In addition to its function in the liver, JNK facilitates HCC progression by increasing the liver expression of the inflammatory cytokines TNFα and IL-6 [152]. Inflammation and tumour development are prevented in mice lacking JNK1 and JNK2 in hepatocytes and nonparenchymal cells [192]. JNK appears to function in hepatocytes to reduce tumour development [192], and mice lacking JNK1/2 in hepatocytes develop cholangiocarcinoma. This finding suggests that the protective effect of JNK1/2 deletion is due to the absence of these kinases in the myeloid compartment [153]. In addition of the role of JNK1 in myeloid and liver cells in HCC development, recently, mice lacking JNK1 in adipose tissue have been demonstrated to be protected against chemical-induced HCC [25]. Notably, activation of JNK is higher in male adipose tissue correlating with the greater HCC incidence [25]. The authors demonstrated that adipose JNK1 controls adiponectin levels affecting HCC development [25].

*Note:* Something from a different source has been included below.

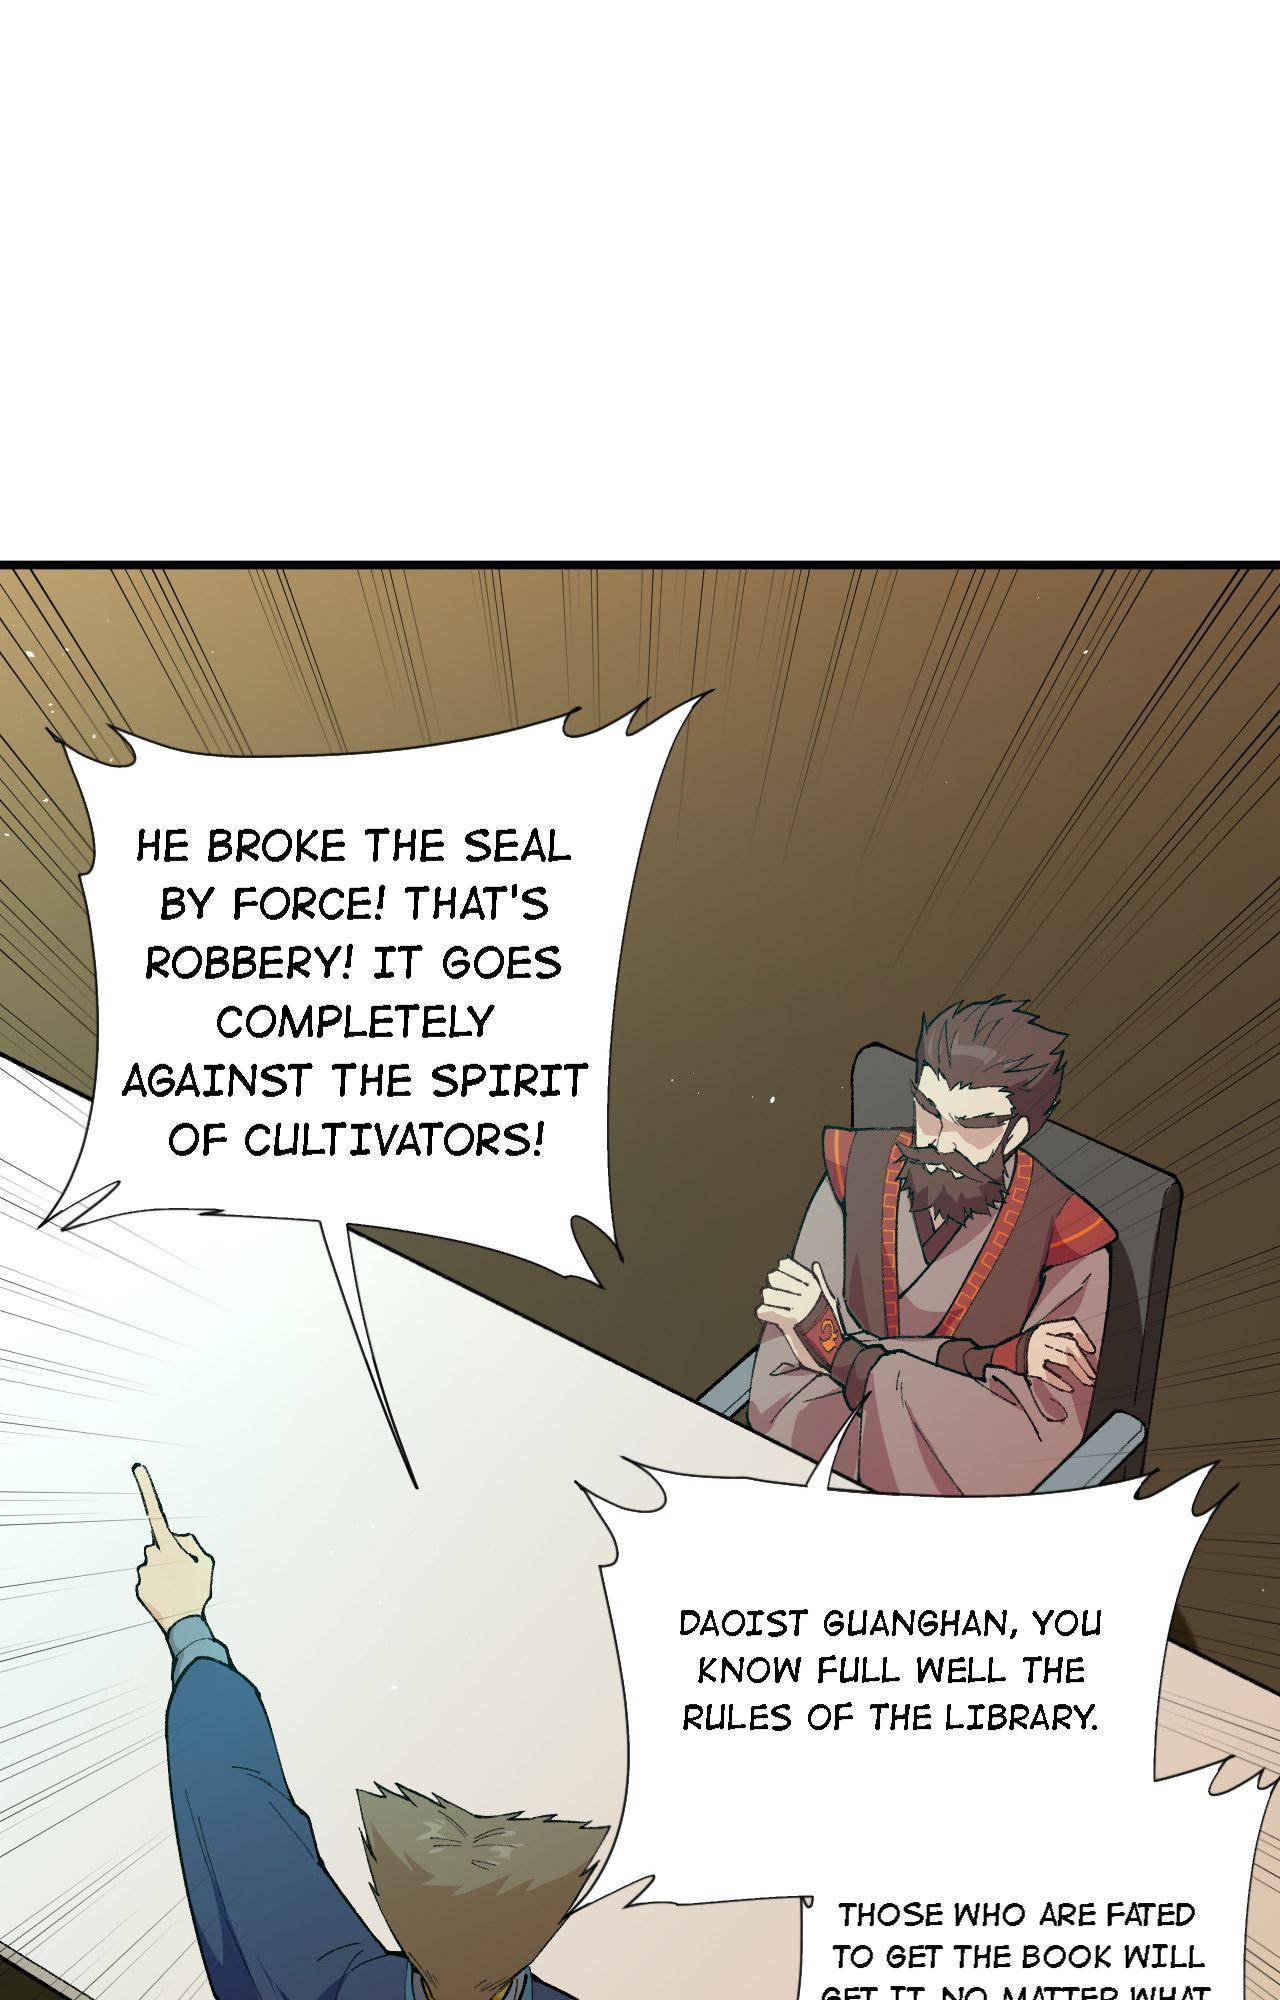 This Cultivator Came From The Future - Page 2

Hepatic p38α was first described as a suppressor of the oncogenic effects of H-Ras [193] and protects against chemically induced HCC in mice, probably due to its inhibitory effect on JNK activation. Moreover, mice lacking p38α in hepatocytes have JNK hyperactivation, correlating with an increased tumour burden after chemically induced HCC [101]. Whereas JNK1 activation promotes ROS accumulation and cell death in hepatocytes, p38α supresses both liver damage and carcinogenesis stimulated by the release of IL-1α [194]. Notably, the higher activation of liver p38α in women than in men, due to higher circulating levels of the hormone adiponectin, partly explains the higher prevalence of HCC in men [25].
The outcome of blocking a signalling pathway depends substantially on the context, for example, p38α inhibition improves the efficacy of sorafenib, the only systemic treatment approved for advanced HCC. This multikinase inhibitor (which increases patient survival by 2.8 months [195]) activates p38α and, thus, stimulates the ERK and ATF2 signalling pathways, involved in tumour resistance to sorafenib [196].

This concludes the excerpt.